In 1966, Shure introduced the M68, a portable mixer capable of being battery powered along with available accessories like a carry case and battery power supply specifically designed to address the needs of broadcast journalists and field recording personnel. The following year, the Shure M67 mixer added an illuminated VU meter and a line level output transformer for connecting the mixer to a telephone line. In August 1969, Eddie Kramer recorded the 4-day Woodstock Festival using three Shure M67 mixers. Shure's portable mixer line later included other models such as the M267 and 268.

Shure introduced the FP31 mixer in 1983. The FP31 was smaller and lighter than similar products of the time—small enough to hold in the palm of the hand and weighing just 2.2 pounds. This positioned it to complement the one-piece Sony Betacam video camera, which had been widely adopted by remote video broadcast crews. The FP31 could operate up to eight hours on two standard 9-volt batteries, and included two separate microphone/line outputs for two-camera video shoots. Its master section featured an adjustable threshold limiter to prevent overload distortion, and there was a separate microphone/line switch with low-cut filter on each channel. By 1984, just a year after its introduction, the FP31 was being used by ABC, CBS, NBC, Turner Broadcasting System, and was later succeeded by the Shure FP33.

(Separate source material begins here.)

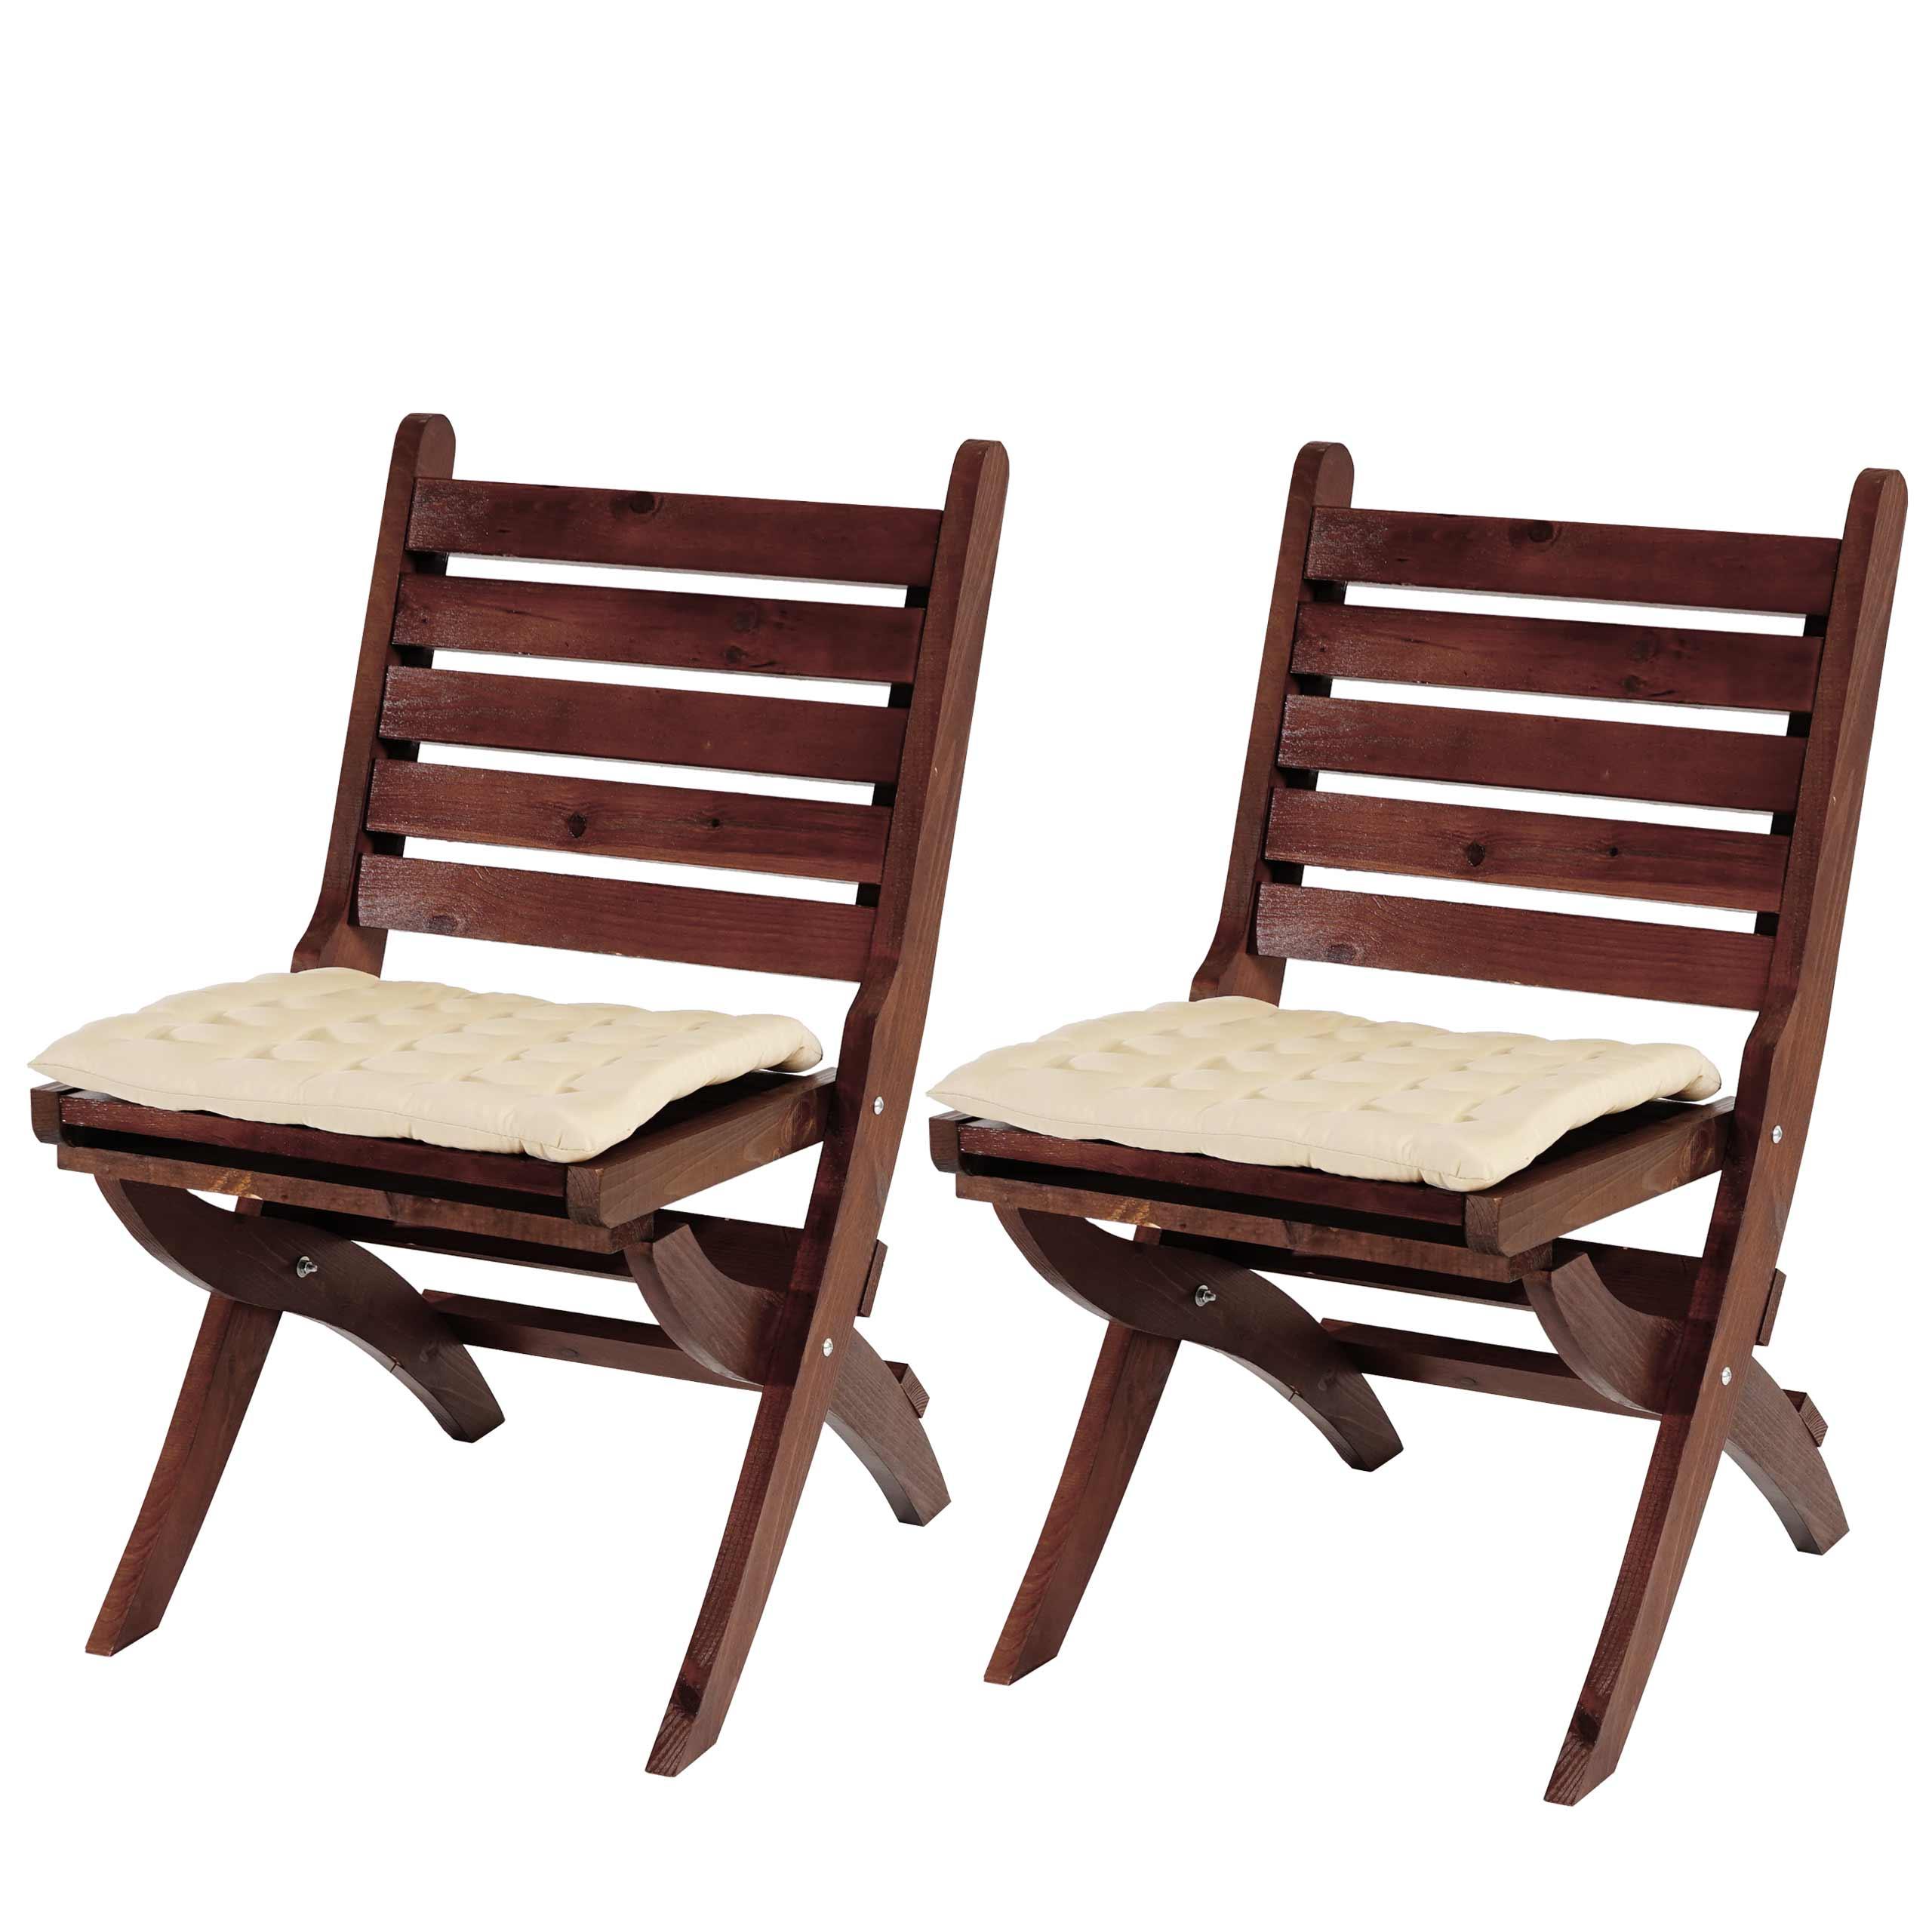 2x sitzkissen canberra stuhlkissen kissen 43x41x3cm. Black Bedroom Furniture Sets. Home Design Ideas

In addition, Shure introduced other portable products useful to broadcast remote and field recording, such as FP11 Microphone-To-Line Level amplifier, the FP12 Headphone Bridging amplifier, and the FP22 Headphone amplifier.

In 1991, Shure introduced the FP410 automatic mixer, featuring Shure's patented IntelliMix circuitry, which automatically activates special double-element microphones based on the direction of a talker's signal. That same year, the FP410 was recognized with the Technical Achievement Award from the International Television Association for "significantly advancing the state of the art in the field of non-network television". Shure later introduced the SCM810, an 8-in, 1-out automatic microphone mixer that also featured Shure IntelliMix circuitry.

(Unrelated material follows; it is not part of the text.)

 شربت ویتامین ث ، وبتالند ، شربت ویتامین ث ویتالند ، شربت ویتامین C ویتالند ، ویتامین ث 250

Shure also introduced digital signal processing products for this market, beginning with the DFR11EQ digital feedback reducer (introduced in 1996) and the DFR22 2-in, 2-out feedback reduction audio processor.

===Conferencing systems===

Shure introduced the Automatic Microphone System (AMS) in 1983, one of the first automatic, high-quality mixer system using directional gating for installations utilizing multiple microphones. In 1987, Shure SCM810 Automatic Mixer installations begin at the United States Capitol, and by 1997, the US Capitol was one of the largest Shure automatic mixer installations in the world. In 2008, Shure introduced the Microflex microphone line specifically designed for conference room applications.

In 2013 Shure launched the Microflex Wireless (MXW) System, its first dedicated wireless microphone solution for boardrooms. In 2016 the company debuted Microflex Advance (MXA) Array Microphones for conference room audio, including the MXA310 Table Array and the MXA910 Ceiling Array, which introduced "steerable coverage" technology.

In 2017 Shure released the IntelliMix P300 Audio Conferencing Processor, with centralized acoustic echo cancellation, noise reduction, and automatic mixing. SystemOn Audio Asset Management software was released in 2018, for IT/AV managers to remotely monitor networked audio gear across large corporate buildings.

In 2019 Shure announced Microflex Complete Wireless (MXCW), consisting of wireless conferencing units which include a microphone, loudspeaker, interpretation audio, controls, and touchscreen, intended for conferences, meetings, and events inside government, corporate, hotel, and educational facilities.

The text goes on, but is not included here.